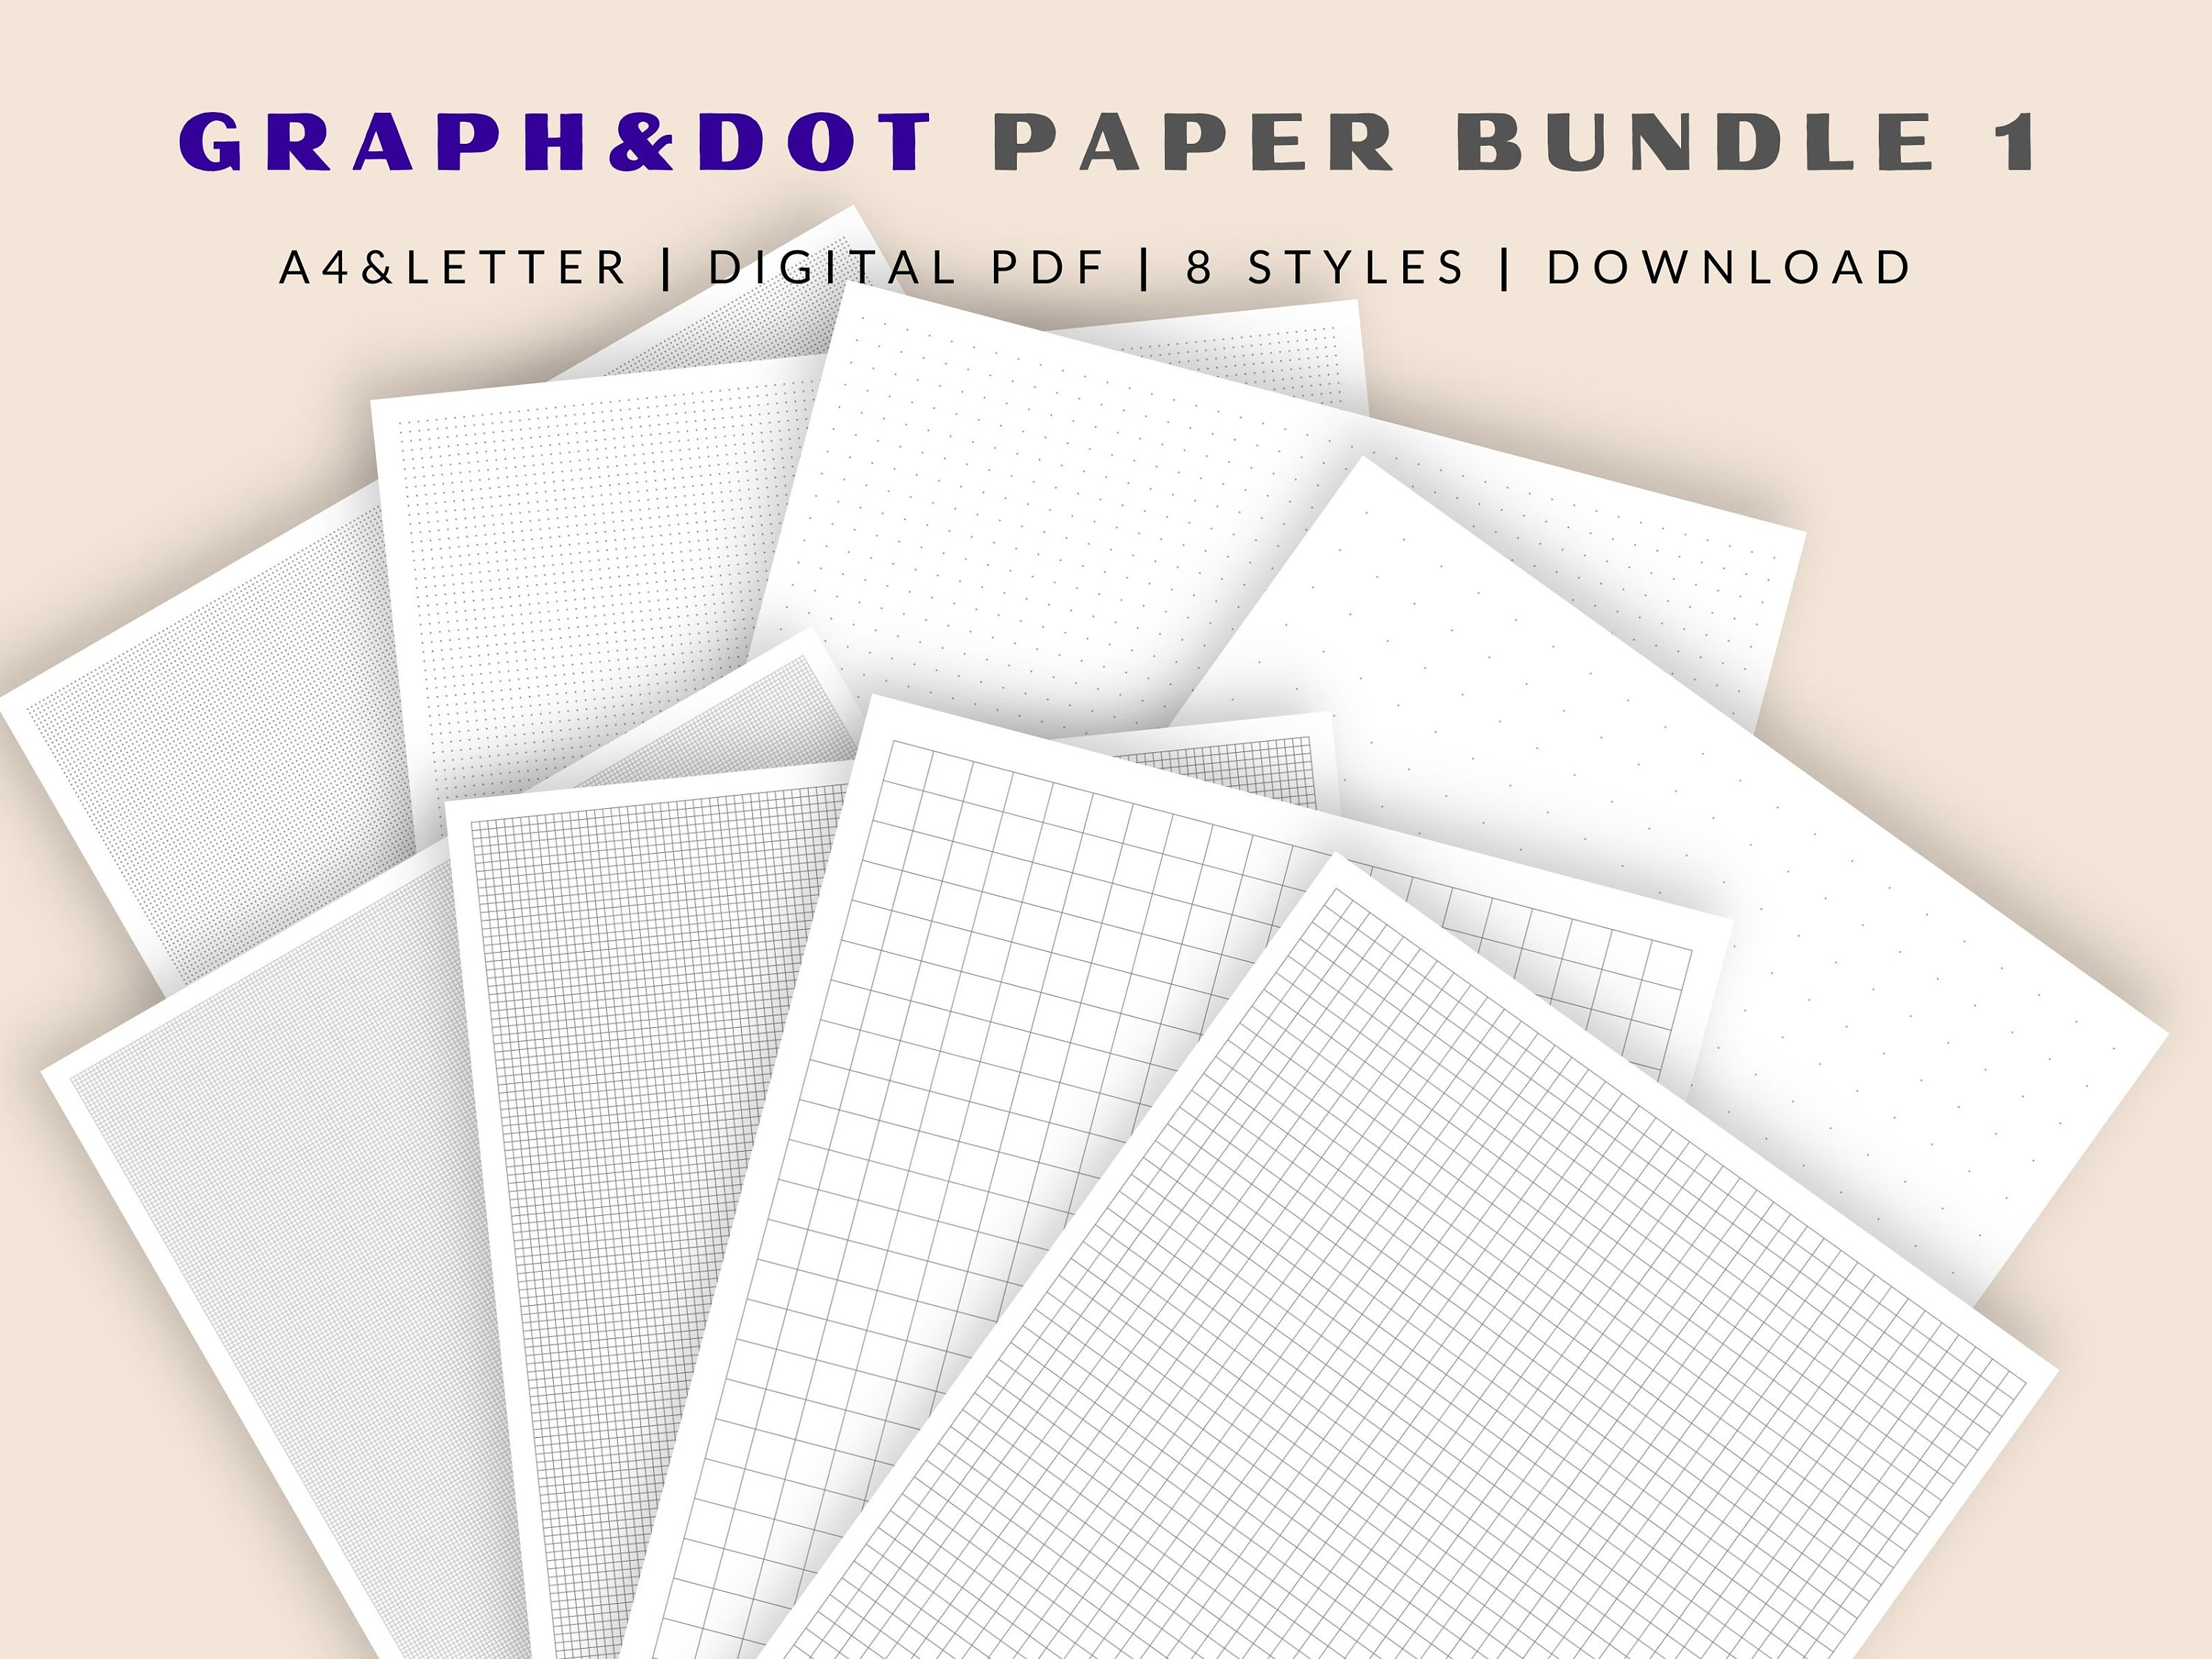 Digital Graph Grid Paper for Procreate for Drafting/drawing
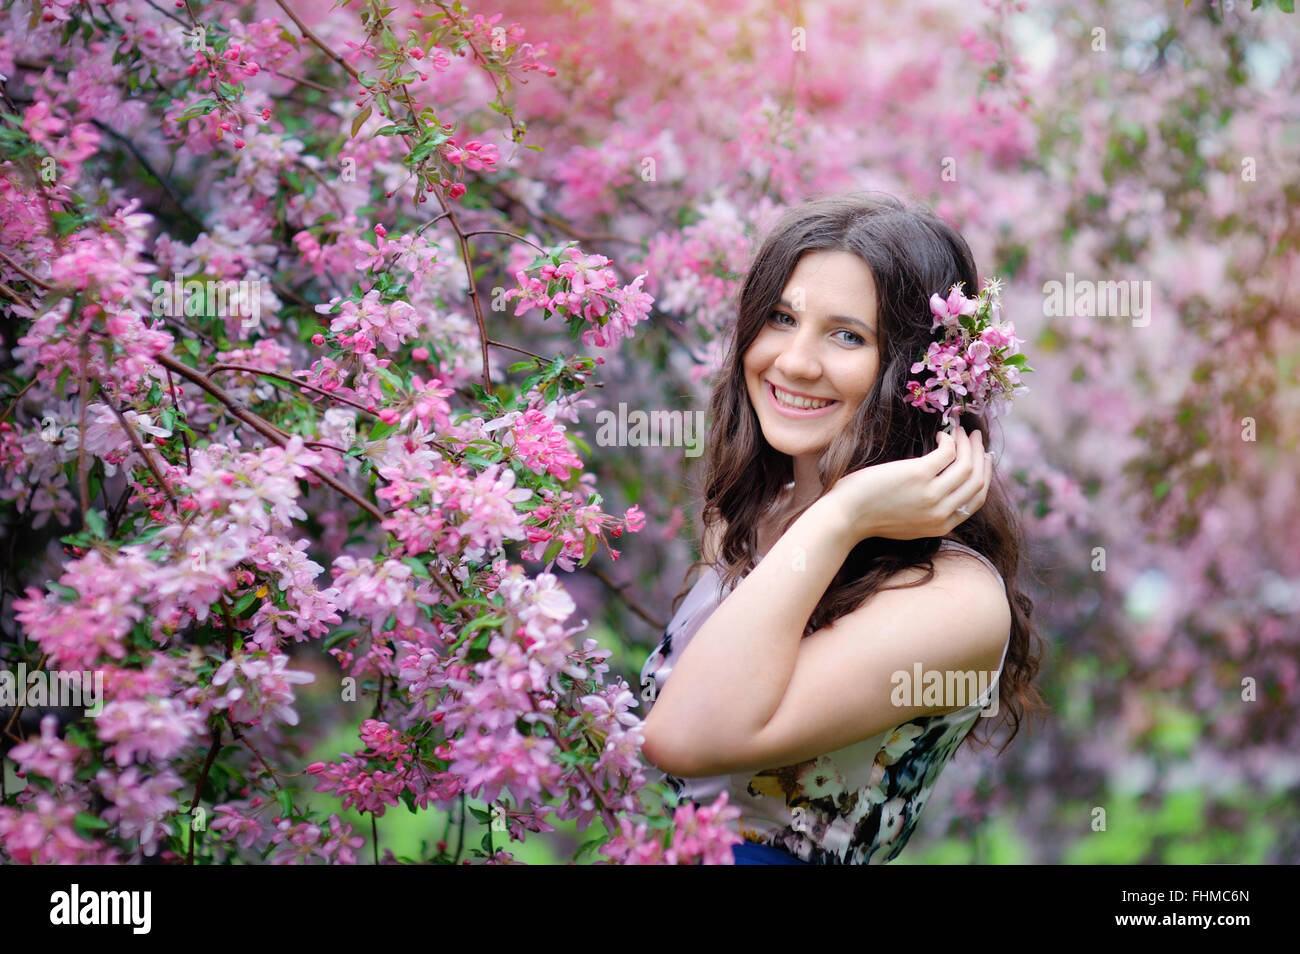 Beautiful girl in spring park with flowers lifestyle portrait, happy woman with blooming cherry tree. Skin care and beauty. Smiling teen girl in spring garden enjoying nature. Spring concept. Series. Stock Photo
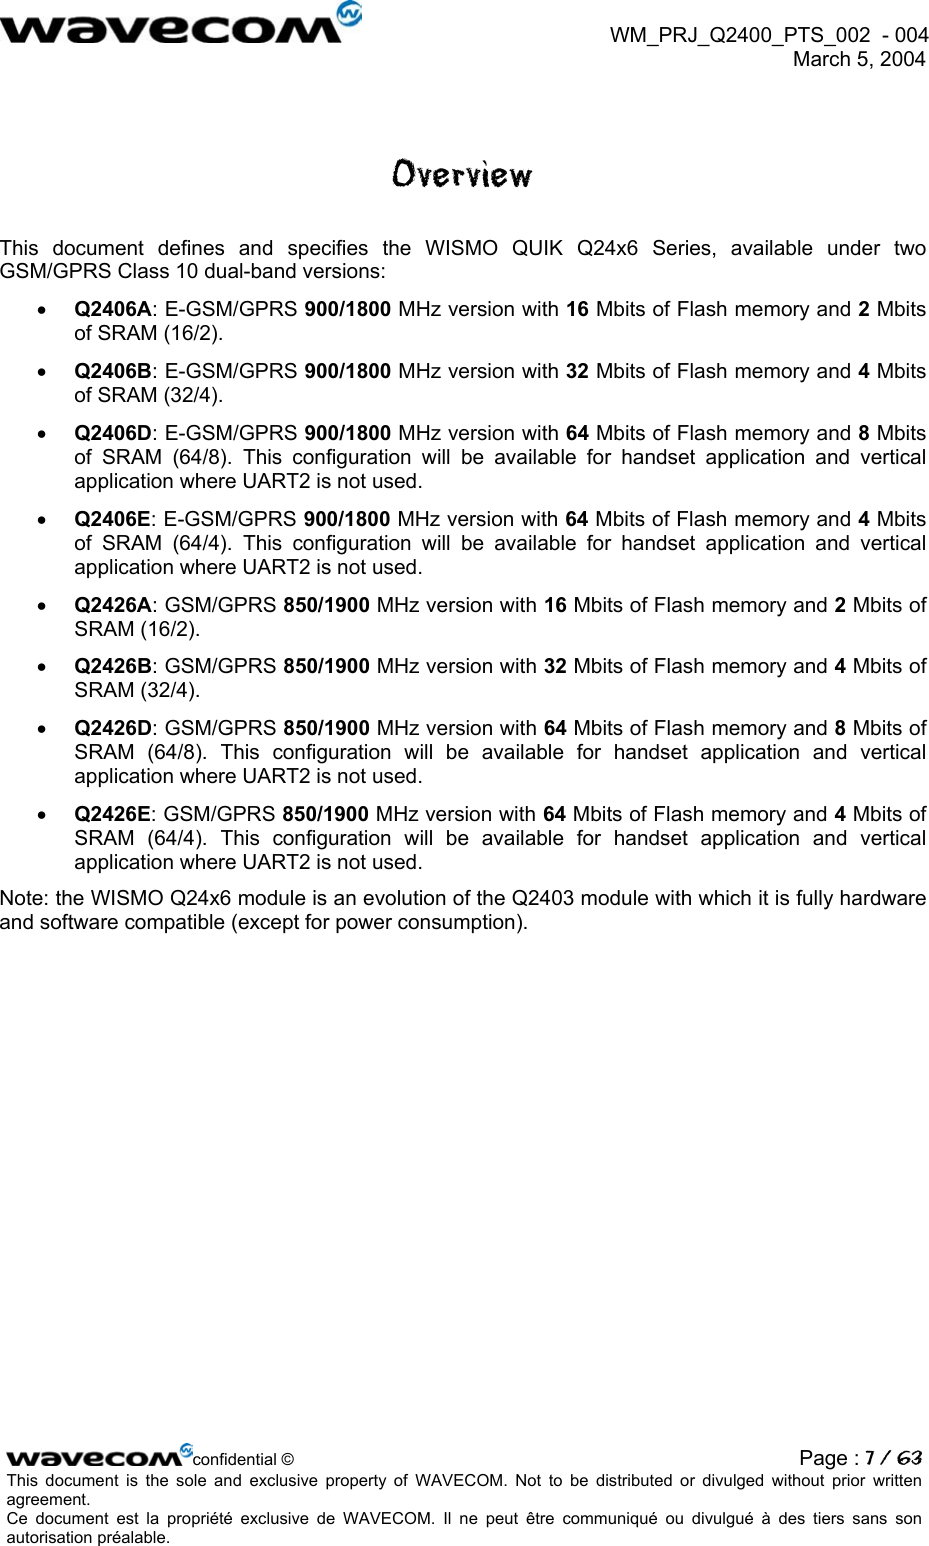  WM_PRJ_Q2400_PTS_002  - 004  March 5, 2004   Overview This document defines and specifies the WISMO QUIK Q24x6 Series, available under two GSM/GPRS Class 10 dual-band versions: •  Q2406A: E-GSM/GPRS 900/1800 MHz version with 16 Mbits of Flash memory and 2 Mbits of SRAM (16/2). •  Q2406B: E-GSM/GPRS 900/1800 MHz version with 32 Mbits of Flash memory and 4 Mbits of SRAM (32/4). •  Q2406D: E-GSM/GPRS 900/1800 MHz version with 64 Mbits of Flash memory and 8 Mbits of SRAM (64/8). This configuration will be available for handset application and vertical application where UART2 is not used. •  Q2406E: E-GSM/GPRS 900/1800 MHz version with 64 Mbits of Flash memory and 4 Mbits of SRAM (64/4). This configuration will be available for handset application and vertical application where UART2 is not used. •  Q2426A: GSM/GPRS 850/1900 MHz version with 16 Mbits of Flash memory and 2 Mbits of SRAM (16/2). •  Q2426B: GSM/GPRS 850/1900 MHz version with 32 Mbits of Flash memory and 4 Mbits of SRAM (32/4). •  Q2426D: GSM/GPRS 850/1900 MHz version with 64 Mbits of Flash memory and 8 Mbits of SRAM (64/8). This configuration will be available for handset application and vertical application where UART2 is not used. •  Q2426E: GSM/GPRS 850/1900 MHz version with 64 Mbits of Flash memory and 4 Mbits of SRAM (64/4). This configuration will be available for handset application and vertical application where UART2 is not used. Note: the WISMO Q24x6 module is an evolution of the Q2403 module with which it is fully hardware and software compatible (except for power consumption).     confidential © Page : 7 / 63This document is the sole and exclusive property of WAVECOM. Not to be distributed or divulged without prior written agreement.  Ce document est la propriété exclusive de WAVECOM. Il ne peut être communiqué ou divulgué à des tiers sans son autorisation préalable.

▸ WORK REQUIRED:
Could you reproduce exactly the lines from the first line of the listing through the line containing "Beautiful girl in", both included, with pictures left out?

▸ ANSWER TO THIS PROBLEM:
 Digital Graph Grid Paper for Procreate for Drafting/drawing
 Beautiful girl in spring park with flowers lifestyle portrait, happy woman with blooming cherry tree. Skin care and beauty. Smiling teen girl in spring garden enjoying nature. Spring concept. Series. Stock Photo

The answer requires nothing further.